Курсант Сенька. Том 2
Шрифт:
Я молчал, у меня в голове всё переворачивалось. Значит, она… всё это время…
— Лер, — тихо сказал я, — я не хотел тебя обидеть. Честно. Просто сейчас мне не до девчонок. У меня свои заморочки, свои планы… — она всхлипнула, вытирая слёзы рукавом. — Но если бы я был готов к отношениям, — продолжил я, — я бы с гордостью встречался с тобой. Ты замечательная… Очень!

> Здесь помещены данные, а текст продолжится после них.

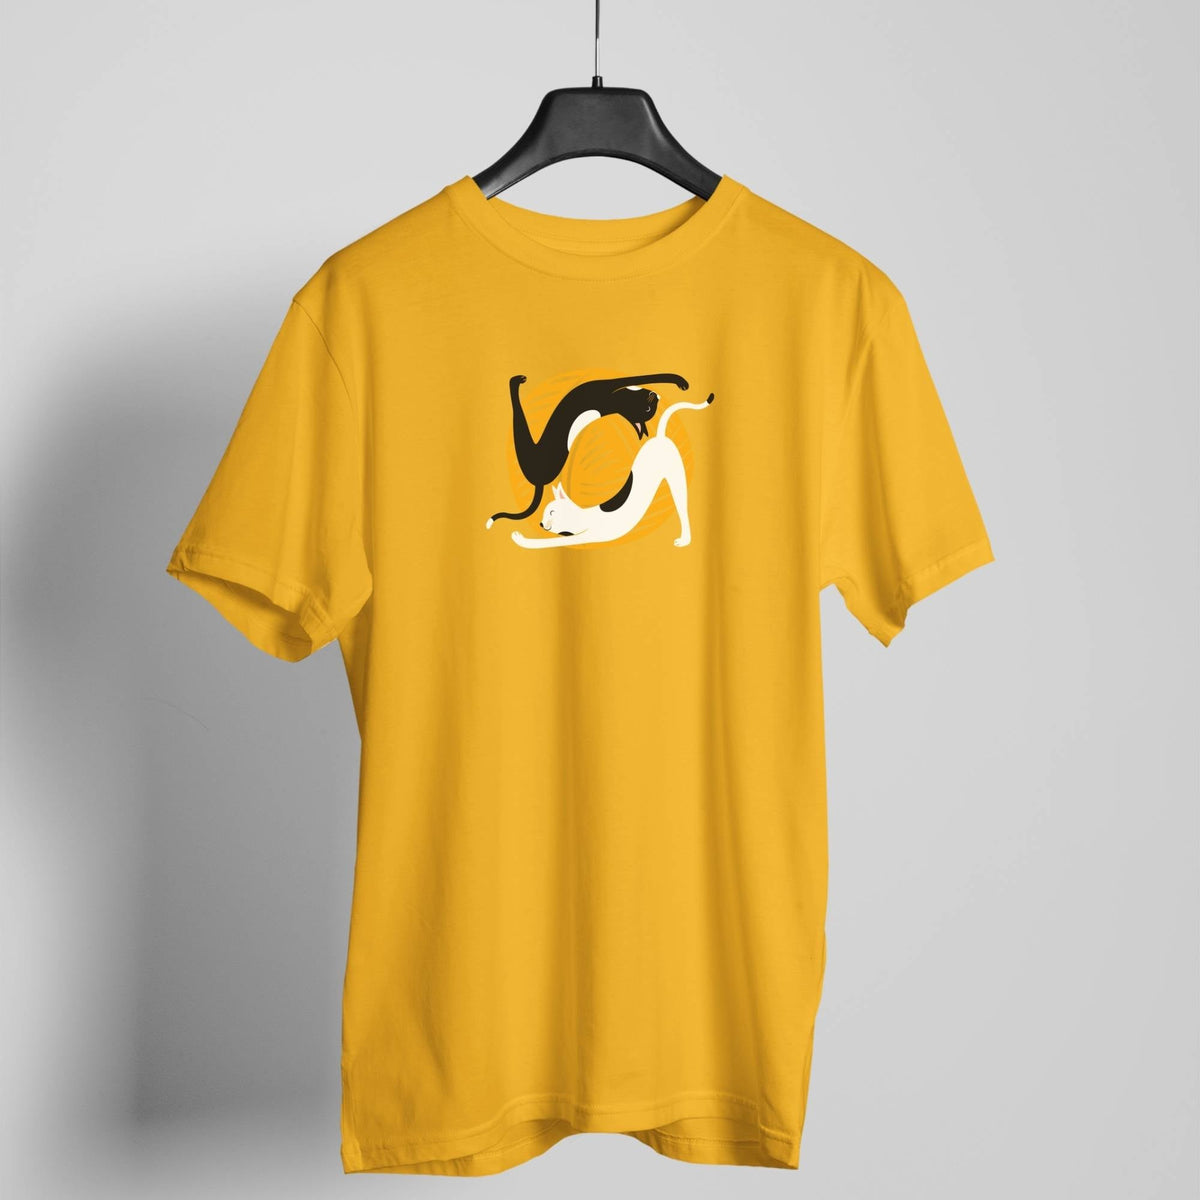 Yoga Cat golden yellow t-shirt

— Правда? — она подняла глаза.
— Правда, — кивнул я.
Лера смотрела пристально, а потом вдруг шагнула ко мне и поцеловала — резко, горячо, будто последний раз в жизни. Поцелуй короткий, но прожигающий насквозь. И отпрянула также резко, да побежала к дому, даже
Я же стоял на месте, трогая губы пальцами, на которых был еще солёный привкус от ее слёз. А в голове каша — удивление, растерянность и ещё что-то непонятное. Гнаться за ней? Кричать вслед? Объясняться ещё раз? Да что тут объяснять… Всё и так ясно — она мне не нужна. Я вздохнул, сунул руки в карманы и пошёл к себе домой. Хватит на сегодня неожиданностей…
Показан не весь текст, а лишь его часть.